I watched a few episodes of "Tidying Up" recently and it made me exclaim a lot because so many of the things that Marie says are literally things I have said. When I am helping people tidy I say "where does this live?" and "does this have a home?" because in my opinion the most important thing for tidiness is for things to have a home. I do things like greeting a home and waking up books (though not those specific things).

I LITERALLY FOLDED MY SHIRTS THE SAME WAY, before ever watching that, so that I could look through them at a glance. and I fold my skirts like Marie folds ties. I do the same thing of small boxes organizing the inside of big boxes.

and then in my memories today I found an entry I posted last year where I talk about having an ethic of things belonging to whomever will love them more. When I was a kid, I stole or gave away things based on that.
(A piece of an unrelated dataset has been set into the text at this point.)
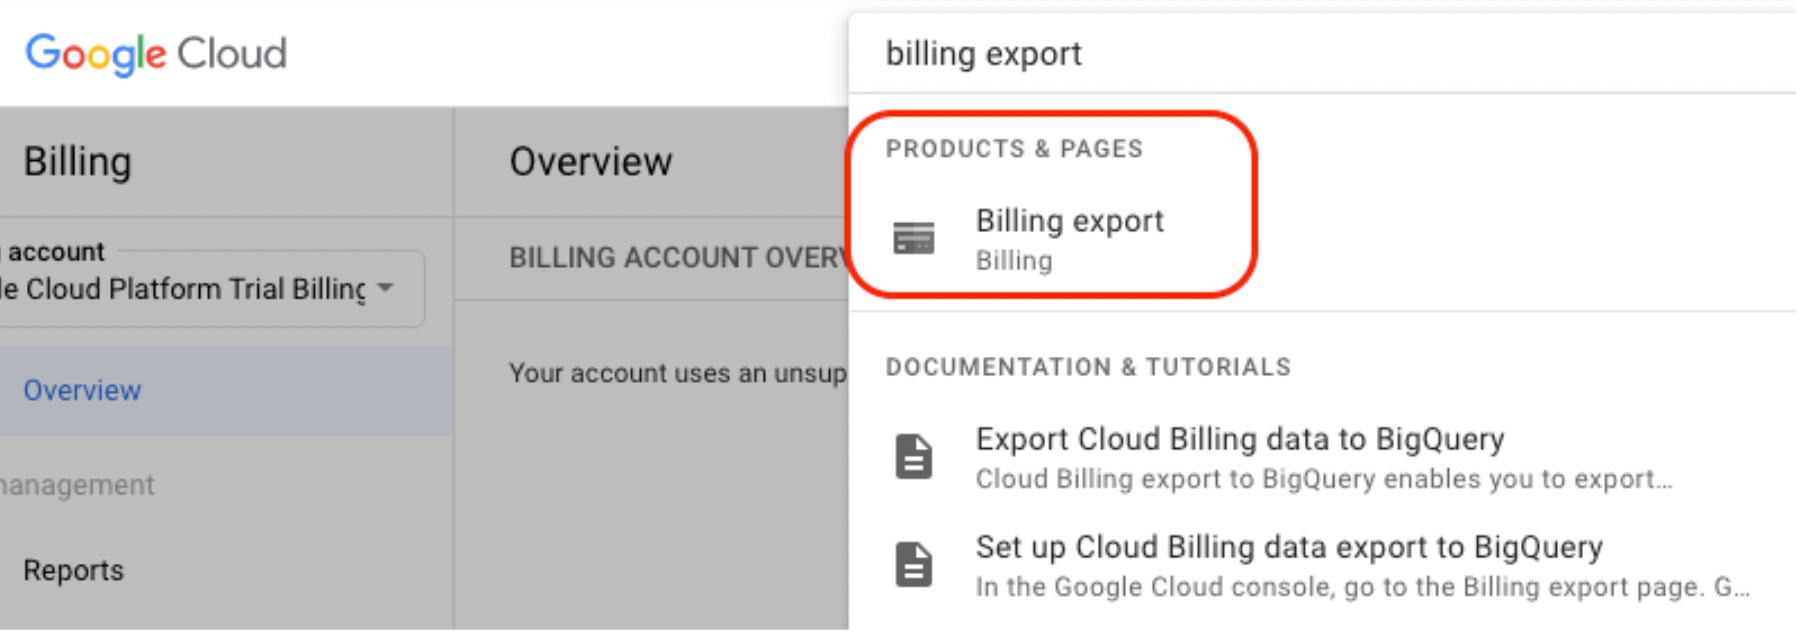 freemium-export-billing-search-billing.png
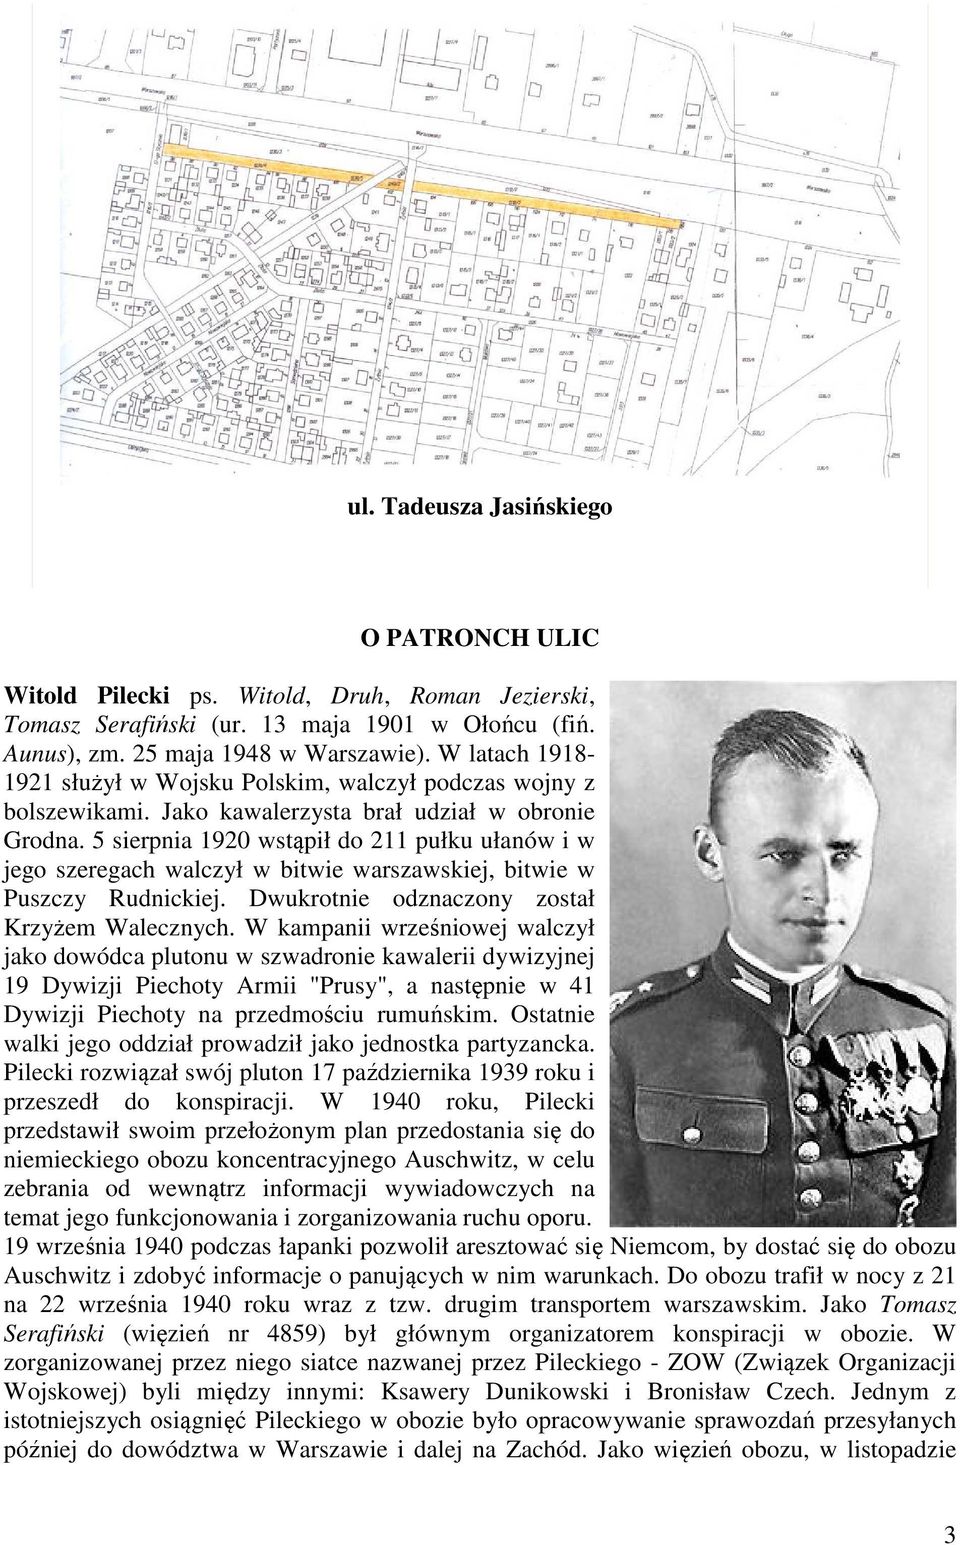 5 sierpnia 1920 wstąpił do 211 pułku ułanów i w jego szeregach walczył w bitwie warszawskiej, bitwie w Puszczy Rudnickiej. Dwukrotnie odznaczony został Krzyżem Walecznych.

The show makes a lot of assumptions about people being able to buy replacement things, which bothers me, but I do love seeing someone else have as much reverence for things as I do. Though it bothers me that some people appear to just throw away useful things rather than donating them and Marie doesn't scold them, wtf.

But I think a better question than "does it spark joy" (especially for people who get joy easily) is "if you lost it, would you miss it?" and if you don't know, box it up and put the date on it. if a long time passes without you feeling the need to take it out (and you don't have a practical need for it), then you can give it away. That's also how I decide whether or not to get something at a thrift store -- would I regret NOT getting it?

This is part of why it is such a sign of me being in a bad place when my home is untidy. When I am in a good place, I don't even have to try to get things tidy... when I'm not, it looks horrific, because I just drop things everywhere. I get in a very "if I can't get it right why bother at all" mindset. I know it's destructive but that's my brain when it's being a jerk.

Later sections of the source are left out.